Batnitzky, one of the newest sociology professors on campus, was recently awarded a grant from Collaborative Fisheries Research West to examine direct seafood marketing in San Diego. The study, entitled “Testing the feasibility of urban coastal direct seafood markets,” will be conducted over a one-year period alongside California Sea Grant Coastal Specialist Theresa Sinicrope Talley, a marine biologist who is currently based at Scripps Institution of Oceanography in La Jolla.
At first glance, it may seem odd that a sociology professor would want to examine seafood marketing, but this project is less about sea life and commerce and more about “locovores,” the people that eat locally produced food not sourced from a distant market.
The specific locovores that brought about this study are those that make up the East African Community in San Diego. Batnitzky has worked closely with the United Women of East African Community Cultural Center and discussed their changing diet as a result of migration. Upon sharing her experiences, Talley’s first question was: Does this community eat a lot of fish? Despite mainly being from coastal Somalia, the answer is no and the reason is limited access to sustainable local seafood.

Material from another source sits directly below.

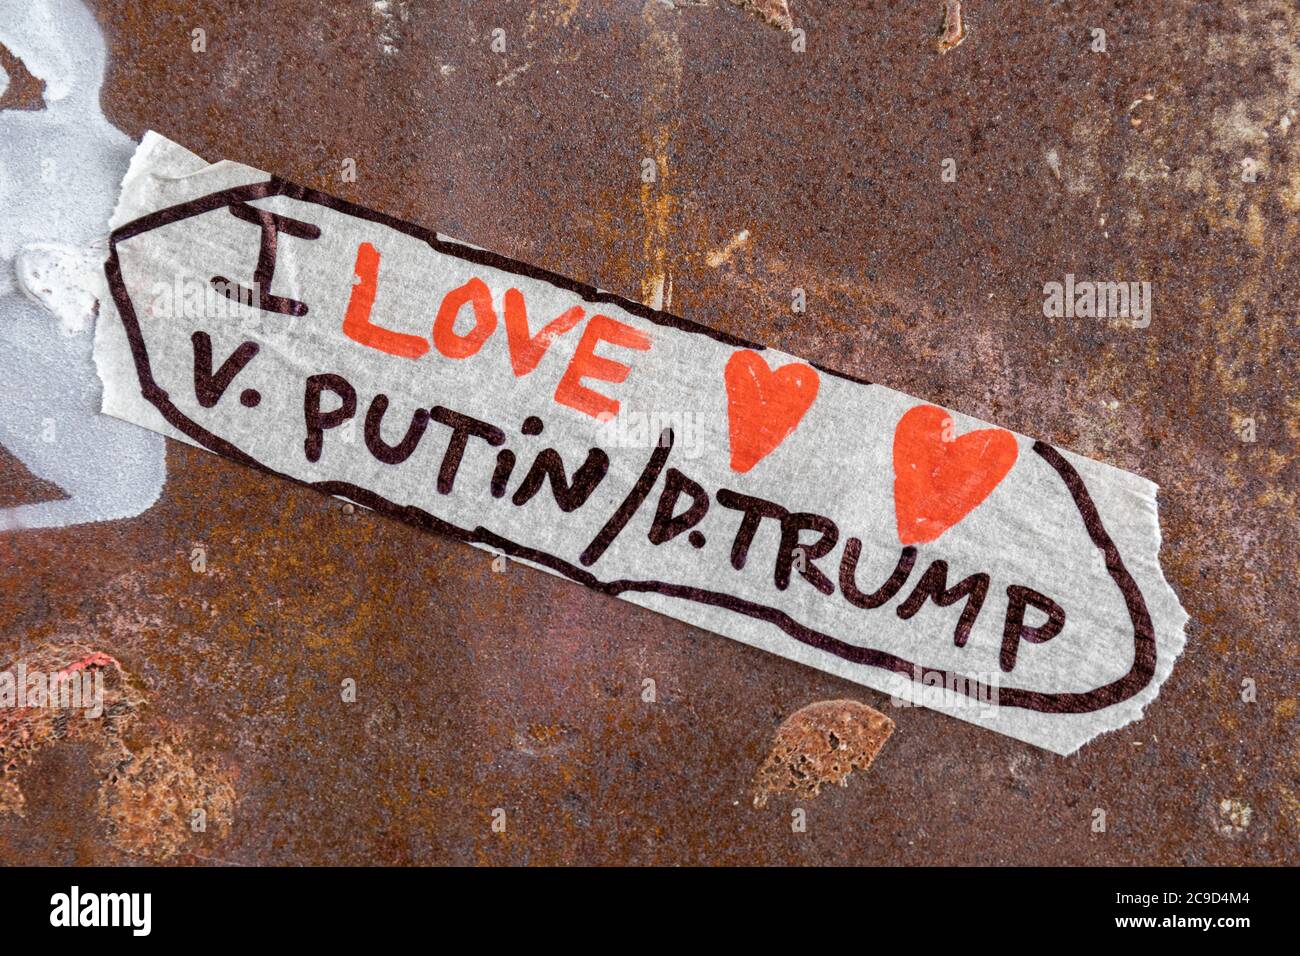 I love V. Putin / D. Trump. Handwritten text on piece of masking tape. Stock Photo

San Diego boasts many farmers markets and community-backed agriculture programs, however, San Diego does not have a single fish market in a city with 70 miles of pristine Pacific coastline. As a result, many fishermen have taken to selling their catch right from their docked boats. Batnitzky’s goal is to raise awareness of the issue and to establish a sustainable local fish demand in San Diego.
While Batnitzky is focused on the people involved, Talley is most interested in the health of the ocean. She believes a more diverse pull of fish may improve both the fishing industry in San Diego and the ecology of our ocean. Of the collaboration, Batnitzky said, “Our overlapping interests seemed like an ideal interdisciplinary project!”
While emphasizing both locovores and the health of the ocean, “Our project is essentially community-based,” said Batnitzky. She hopes to work with San Diegans to better understand and unite two different populations. The first population, she said, “is already connected to the ocean and has some knowledge of the local seafood industry. The second population, the East African immigrant community, has relatively little interaction with local sustainable seafood.”
Over the next year, Batnitzky and Talley hope to gauge the feasibility of a direct seafood market based on the responses they receive from these two populations. Their project is already underway and if the project is well received, local fish markets may be on the menu for San Diego.